Common Errors

Anti-patterns and mistakes to watch for when creating or reviewing tasks.

Instruction Problems

Ambiguous Language

Avoid	Use Instead
"Make it better"	"Reduce runtime by 50%"
"Fix the issues"	"Fix the 3 failing tests"
"Handle errors properly"	"Return HTTP 400 for invalid input"
"Optimize the code"	"Achieve O(n log n) complexity"

Relative Paths

Bad - instruction.md:

Edit config/settings.json

Good - instruction.md:

Edit `/app/config/settings.json`

Missing Output Specs

Bad - instruction.md:

Process the data and save results.

Good - instruction.md:

Process `/data/input.csv` and save results to `/output/results.json`

Unverifiable Tool Requirements

Bad - instruction.md (can't verify vim was used):

Use vim to edit the file.

Good - instruction.md (verifies the result):

Change the port from 8080 to 3000 in `/app/config.txt`

Test Problems

Brittle String Matching

# Bad - Breaks with formatting changes
def test_output():
    output = open("/output/log.txt").read()
    assert output == "Processing complete.\n"

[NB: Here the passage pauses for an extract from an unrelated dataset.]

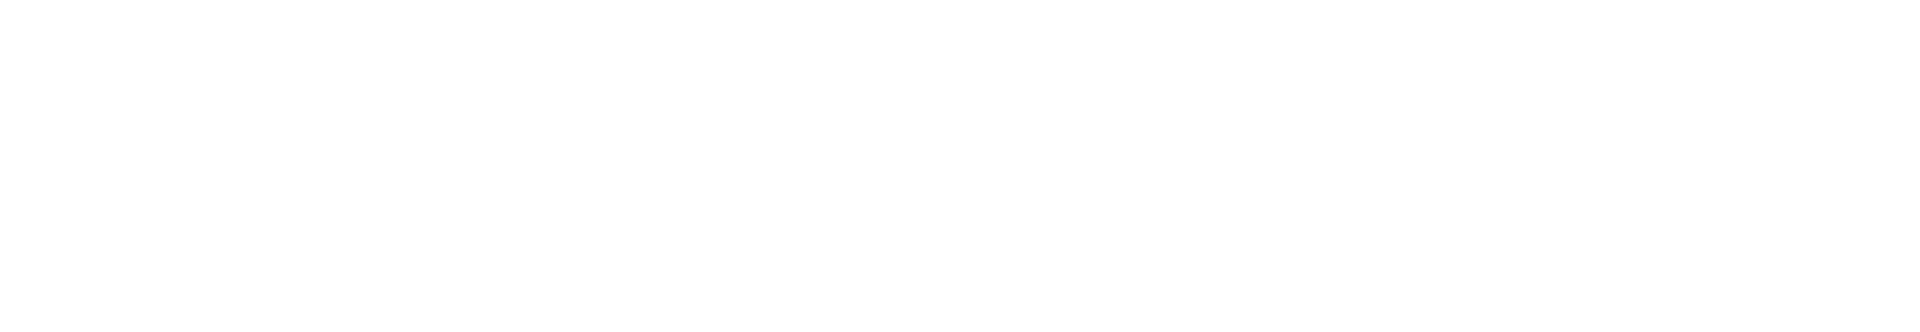 Schmuckelement Kurve unten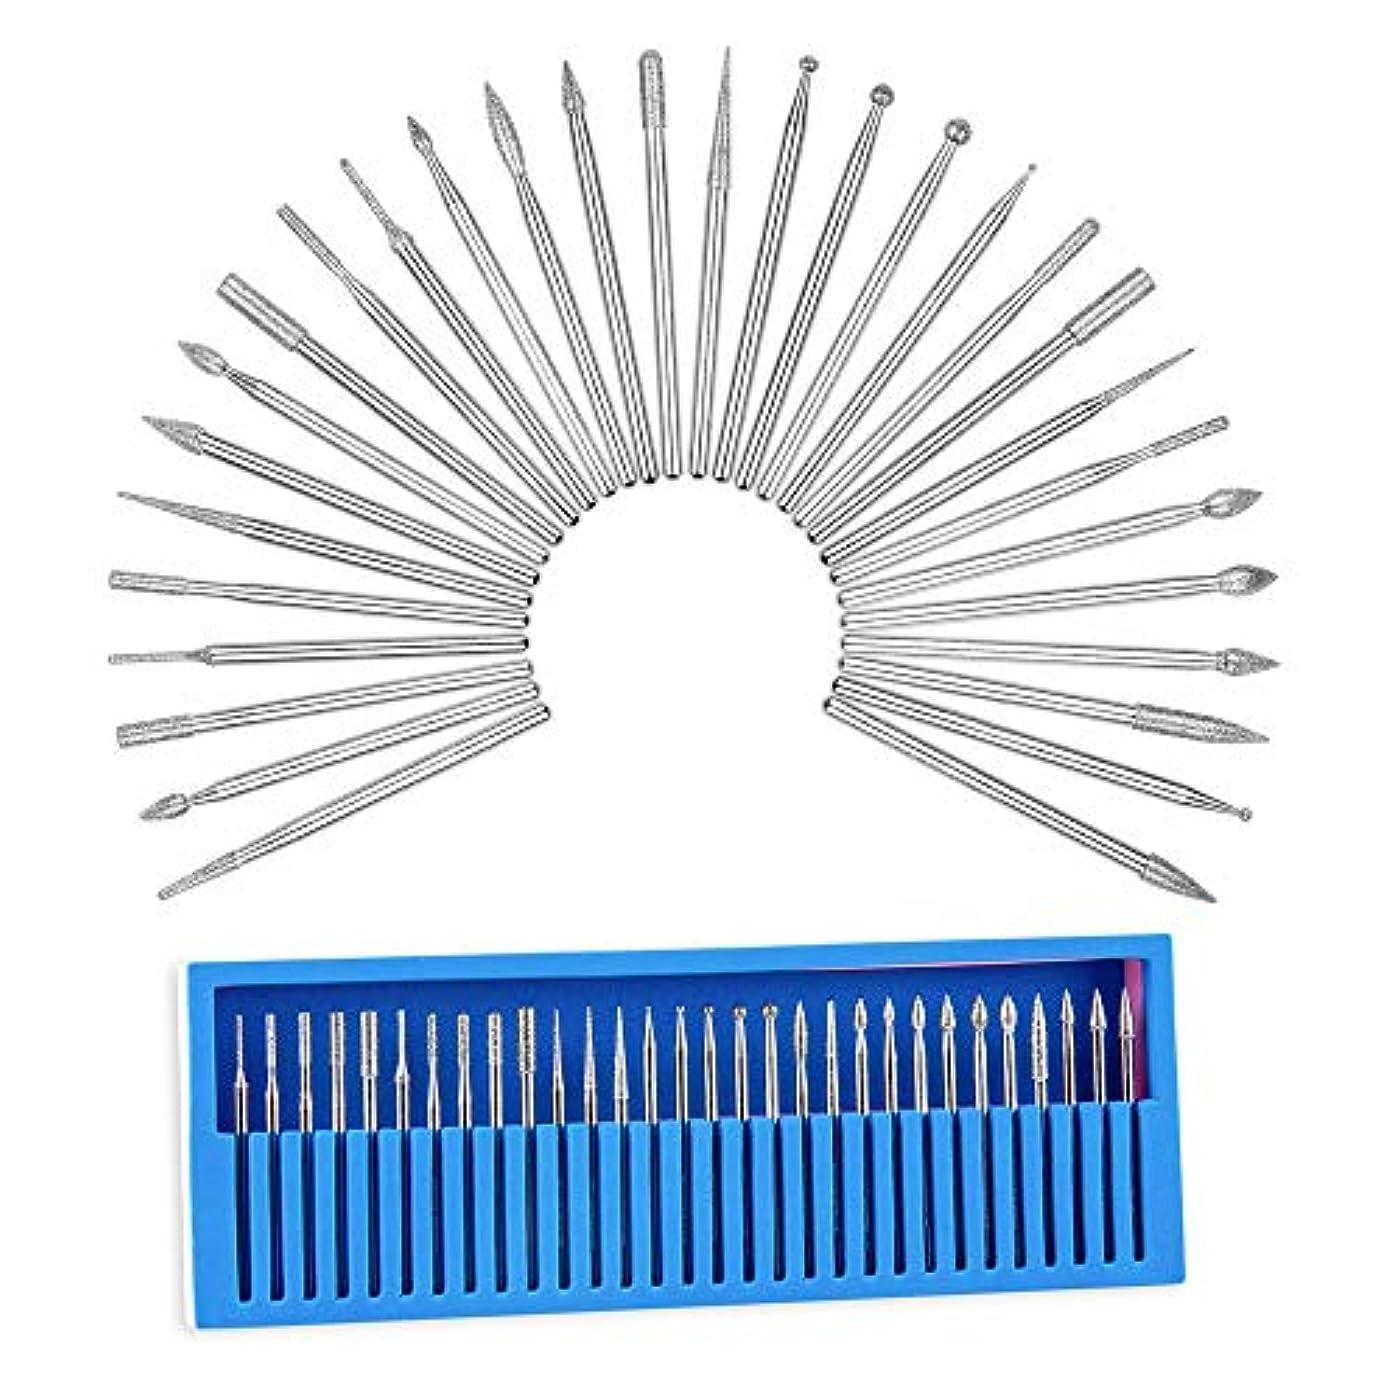 発見する下位複製するネイルマシーン用 軸2.35mm 取り替えビットセット ミニルーター用 高品質 耐食 合金 各種類 30本入り 箱付 研磨 ネイルケア ネイルアート 角質処理 ツール ネイルマシーン 工具

# Good - Checks for key content
def test_output():
    output = open("/output/log.txt").read()
    assert "complete" in output.lower()

Implementation Testing

# Bad - Tests implementation, not behavior
def test_uses_sorted():
    code = open("/app/main.py").read()
    assert "sorted(" in code

# Good - Tests actual behavior
def test_output_is_sorted():
    result = process_data()
    assert result == sorted(result)

Missing Docstrings

# Bad
def test_1():
    assert process("") ==

# Good
def test_empty_input_returns_empty_list():
    """Verify that empty string input returns an empty list."""
    assert process("") ==

Order-Dependent Tests

# Bad - test_2 depends on test_1
def test_1_setup():
    global data
    data = load_data()

def test_2_process():
    result = process(data)
    assert result

# Good - Each test is independent
def test_process():
    data = load_data()
    result = process(data)
    assert result

Hardcoded Random Values

# Bad - Assumes specific random output
def test_random_sample():
    result = random_sample(data)
    assert result == [3, 7, 2]

# Good - Tests properties
def test_random_sample_size():
    result = random_sample(data, n=3)
    assert len(result) == 3
    assert all(item in data for item in result)

Solution Problems

Hardcoded Answers

# Bad - Just outputs the answer
echo "The answer is 42" > /output/result.txt

# Good - Derives the answer
python /app/calculate.py > /output/result.txt

Non-Deterministic Commands

# Bad - Output order varies
ls /data/ > /output/files.txt

# Good - Consistent ordering
ls /data/ | sort > /output/files.txt

Missing Error Handling

# Bad - Continues after errors
cd /nonexistent
do_something

# Good - Fails fast
set -e
cd /app
do_something

Cheating Opportunities

Exposing Test Logic

# Bad - Agent can read test files
COPY tests/ /tests/

Tests should be mounted at runtime, not baked into the image.

Answer in Git History

# Bad - Agent could see newer commits with answers
RUN git clone https://github.com/example/repo.git

# Good - Pin to specific commit
RUN git clone https://github.com/example/repo.git \
    && cd repo && git checkout abc123

Editable Data Files

If tests check data files, ensure agents can't just edit them to pass:

# Bad - Agent could just write the expected values
def test_processed_data():
    data = json.load(open("/data/output.json"))
    assert data["total"] == 42

# Good - Verify computation, not just final value
def test_computation():
    input_data = json.load(open("/data/input.json"))
    output_data = json.load(open("/data/output.json"))
    expected = sum(item["value"] for item in input_data)
    assert output_data["total"] == expected

Difficulty Issues

Too Easy

Signs a task might be too easy: - Single-step solution - Common tutorial topic - Simple API usage - Pattern matching suffices

Too Hard / Unfair

Signs a task might be problematic: - Requires unavailable information - Environment is unreliable - Success depends on luck - Requirements are contradictory

Quick Reference

Category	Red Flag	Fix
Instructions	Relative paths	Use absolute paths
Instructions	"Better", "properly"	Specific metrics
Tests	String matching	Content checks
Tests	No docstrings	Add docstrings
Tests	Implementation checks	Behavior checks
Solution	Echo answers	Derive answers
Solution	Random without seed	Add seeds
Cheating	Tests in image	Mount at runtime
Cheating	Mutable data	Verify computation